A nota não pode ser nem uma nota medida que apenas satisfaz uma burocracia escolar de preenchimento de cadernetas, que não diz nada sobre o objeto medido, que é o aprendizado, e nem como foi estabelecida; nem pode ser uma nota-mensagem-negociação, que pouco diz sobre o que quer dizer, e nasce apenas de uma relação de poder que se estabelece em sala de aula. Na prática escolar, para que o aluno não fique abaixo da média, passa-se um trabalho para resolver a situação, e ele tem um valor. Um valor arbitrário. Arbitrado pelo professor (HADJI, 1994). Como diz esse autor “para ser um ato de comunicação útil, a avaliação deve retornar a ligação com o produtor e dizer-lhe alguma coisa acerca da sua produção que lhe permita progredir com vista a melhores produções”. E isso se estende à nota.

É importante que se valorize o processo mais que o produto. Por ser um instrumento de comunicação, o produto deve retornar ao produtor para que se auto-avalie, buscando superar as defasagens encontradas pelo avaliador. Desse modo, a avaliação será o elemento de comunicação permanente entre o professor e alunos, que devem dialogar sobre suas produções: ensino e aprendizagem.

A validade da nota só existirá se ela constituir um momento de diálogo ou um desafio a vencer, tanto para o aluno como para o professor e, para ser o mais objetiva possível, ela corresponderá a “um padrão mínimo de conhecimento, habilidade e hábitos que o educando deverá adquirir, e não uma média mínima de notas, como ocorre hoje na prática escolar” (LUCKESI, 2000, p. 96). Ou seja, é preciso objetivar o que se quer medir. E medir, em avaliação,

significa comparar o objeto real (aluno-aprendizagem) com outro considerado ideal (objetivos educacionais) para um determinado momento, “porque avaliar não é pesar um objeto que pudéssemos isolar no prato de uma balança. É preciso apreciar este objeto em relação à outra coisa que não ele próprio” (HADJI, 1994, p. 106, grifos nossos).

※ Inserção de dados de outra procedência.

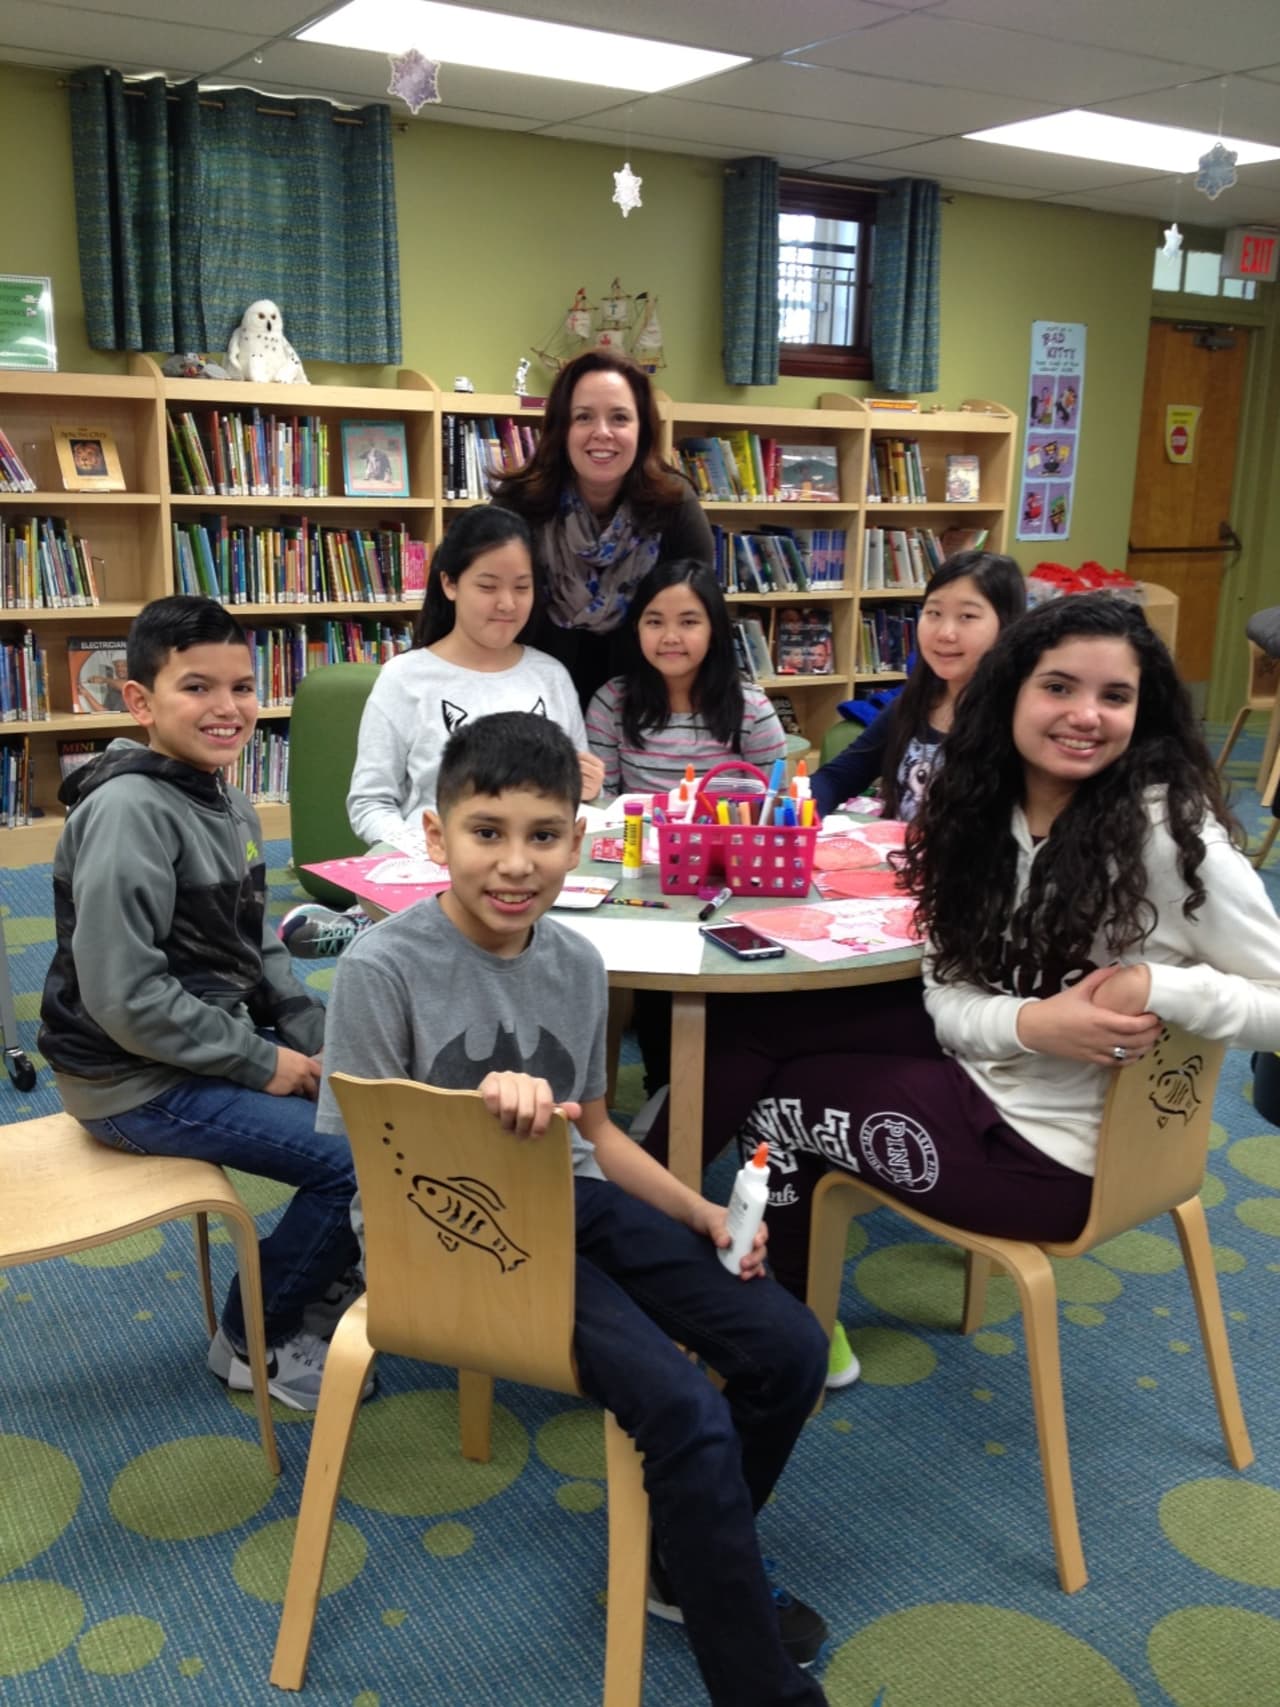 Children's Librarian Maria Russo with some kids at the East Rutherford Memorial Library.

Uma medição pressupõe a existência de uma quantidade, muito embora a recíproca não seja verdadeira. Ou seja, nem sempre a existência de uma qualidade que varia segundo uma quantidade é passível de medida. Entretanto, isso tem mais um caráter histórico que absoluto (CARAÇA, 2002). Isto nos faz lembrar que o objeto de estudo da avaliação (processo ensino- aprendizagem) é variável. O que nos faz pensar em estudar essa variação num determinado momento desse processo.

Caraça (2002, p. 109, grifo do autor) afirma que para medir uma variação de uma quantidade é necessário “que cada estado possa ser obtido, por adição, a partir de outros estados, e que essa adição seja comutativa e associativa. Tomando então um desses estados, convenientemente escolhido, para unidade, a medição faz-se comparando cada estado com aquele que se tomou como unidade”.

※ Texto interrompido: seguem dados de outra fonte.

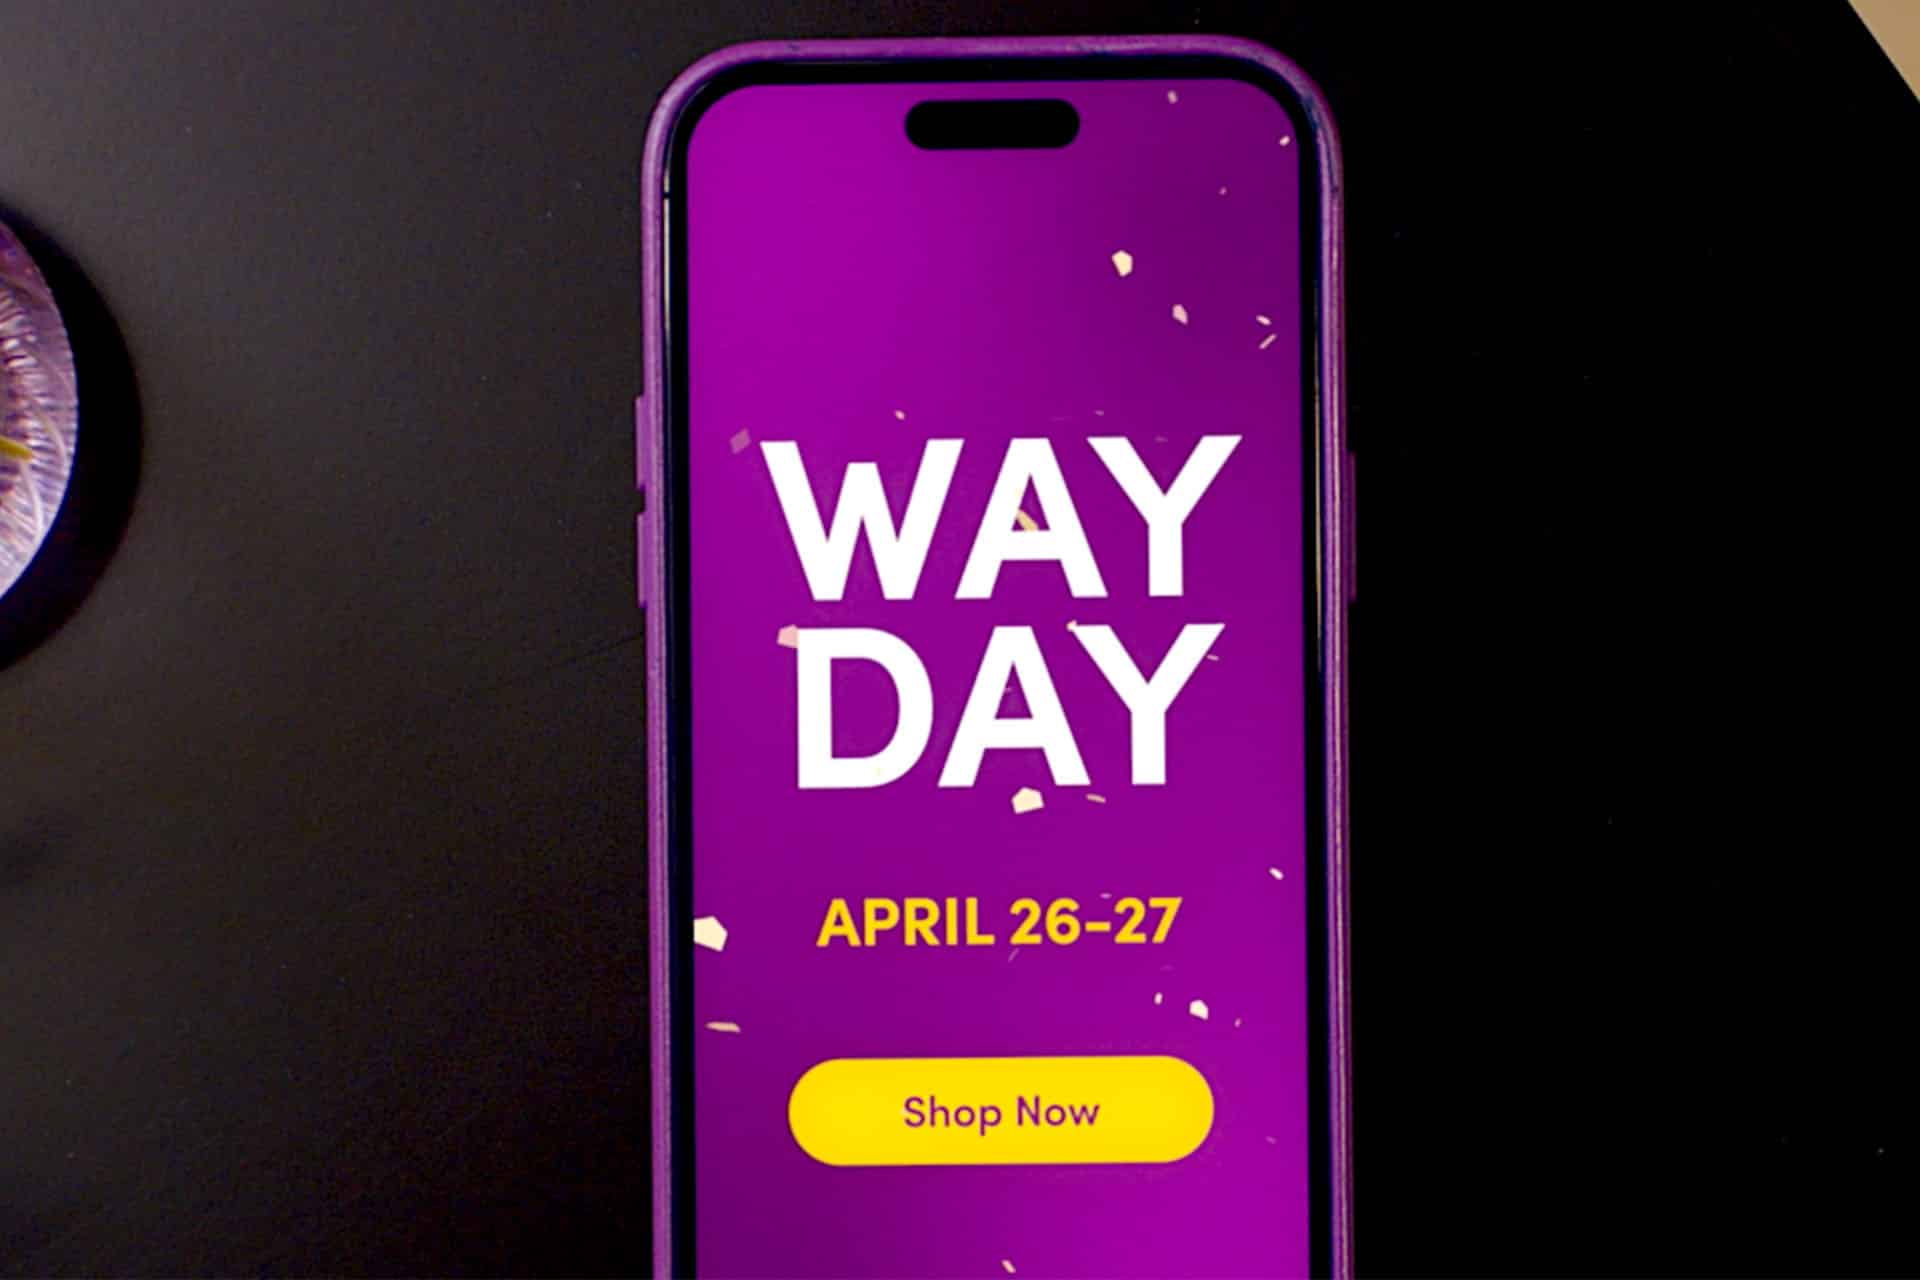 Wayfair Readying Way Day Deals on Its Websites, Via Livestream

Se pensarmos no modelo ideal, composto dos objetivos educacionais planejados para o estudante relativos à sua aprendizagem em Matemática, como unidade, poderemos a partir de uma comparação, num determinado momento, calcular o quanto aquilo que é observável e variável do aluno (a sua aprendizagem) corresponde ao modelo (tomado como unidade). Para traduzirmos essa medida em um número, daremos a ela um percentual do observado em relação ao ideal. Daí pode surgir uma nota.

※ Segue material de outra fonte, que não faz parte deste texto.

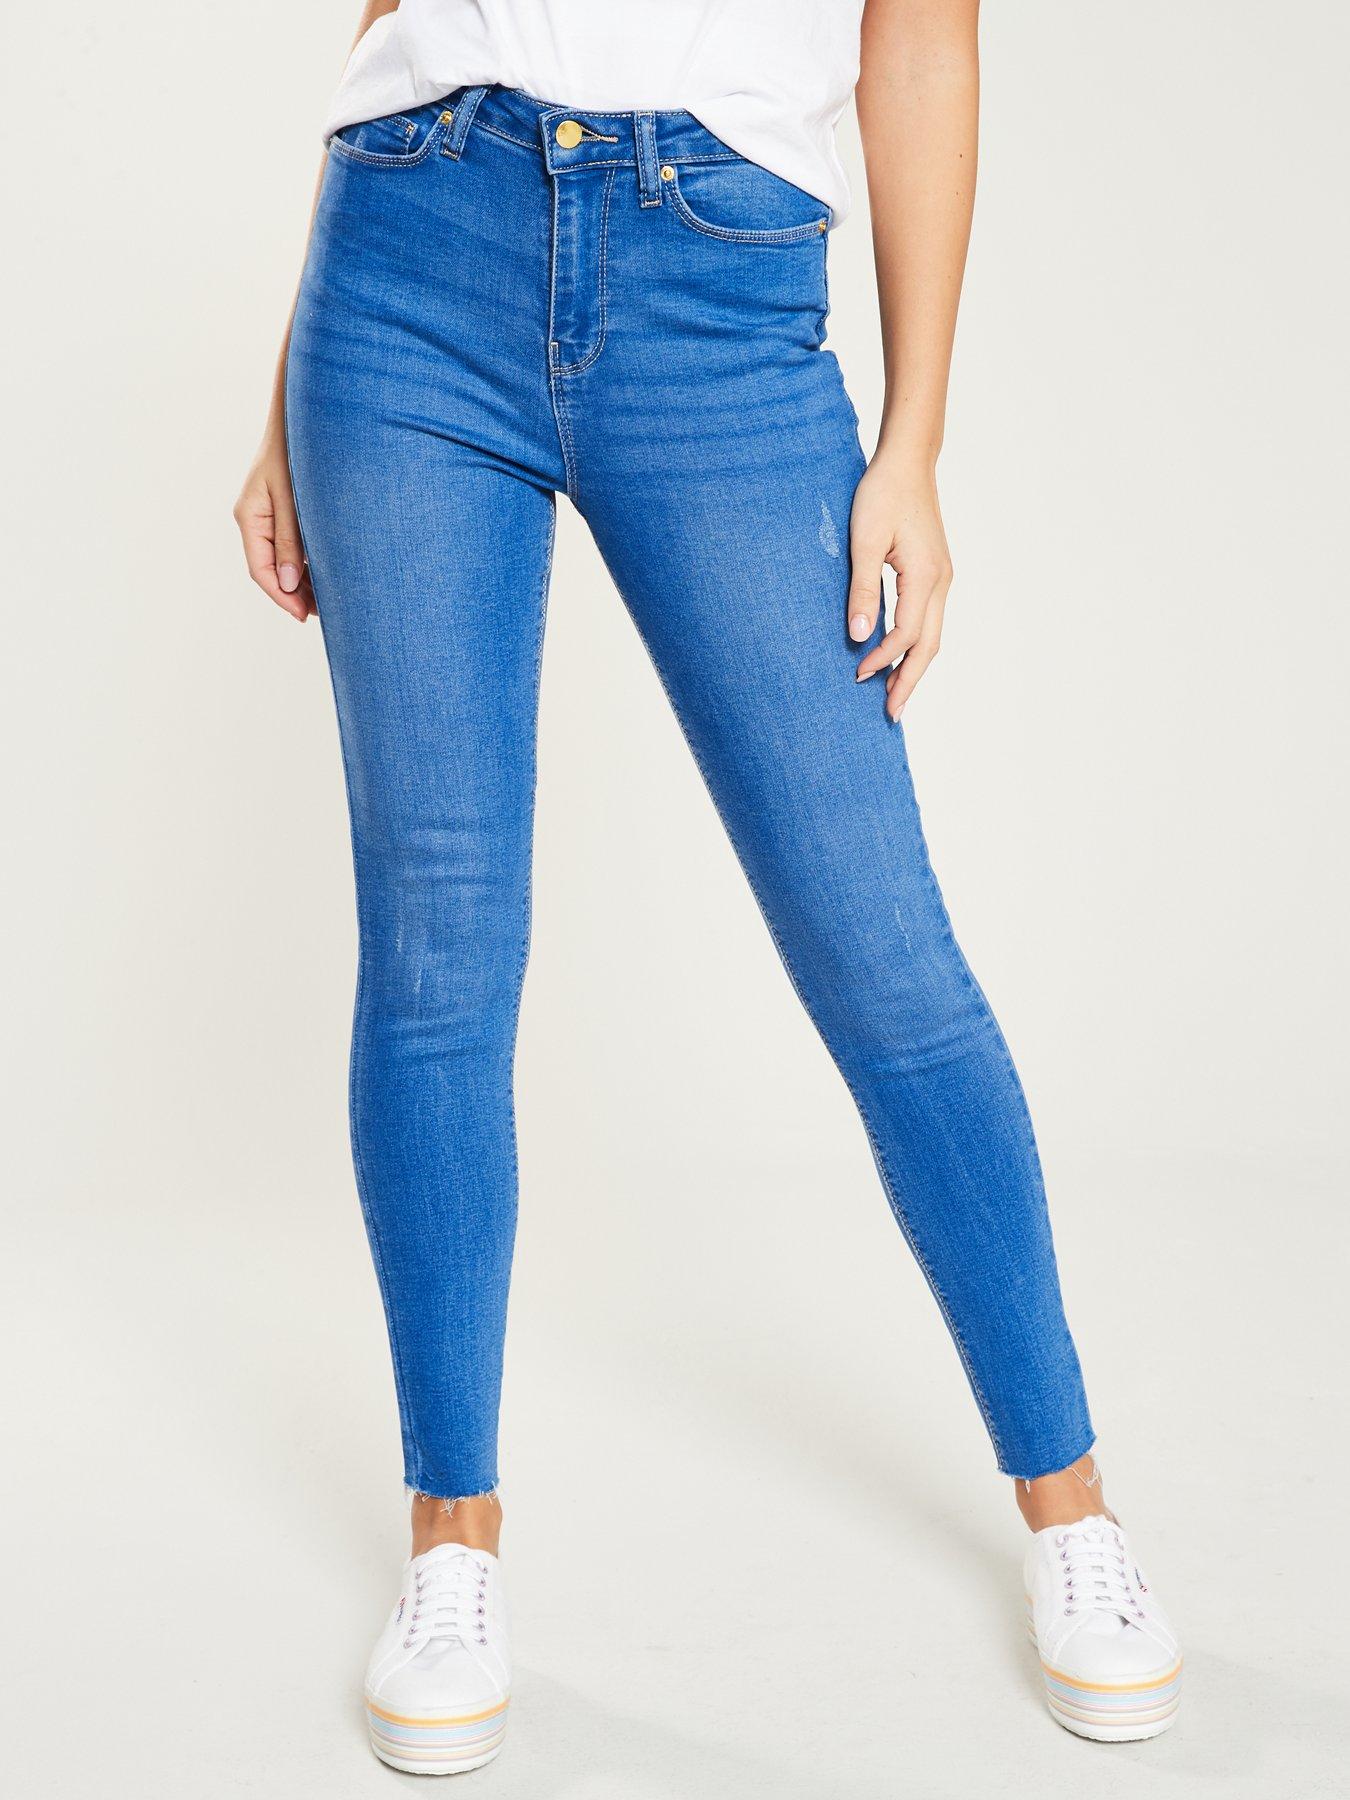 tillys rsq jeans

Devemos ter claro que a avaliação que defendemos não se compromete com a classificação decorrente de se estabelecer uma nota para o aluno. Contudo, acreditamos que uma mudança no campo da avaliação, fruto de reflexões sobre o uso que se tem feito dos resultados dos processos avaliativos escolares, pode-se iniciar a partir de um simples ato de mudar a forma de dar a nota, fugindo às médias de pontos decorrentes de provas, trabalhos escolares e do comportamento dos alunos em sala de aula.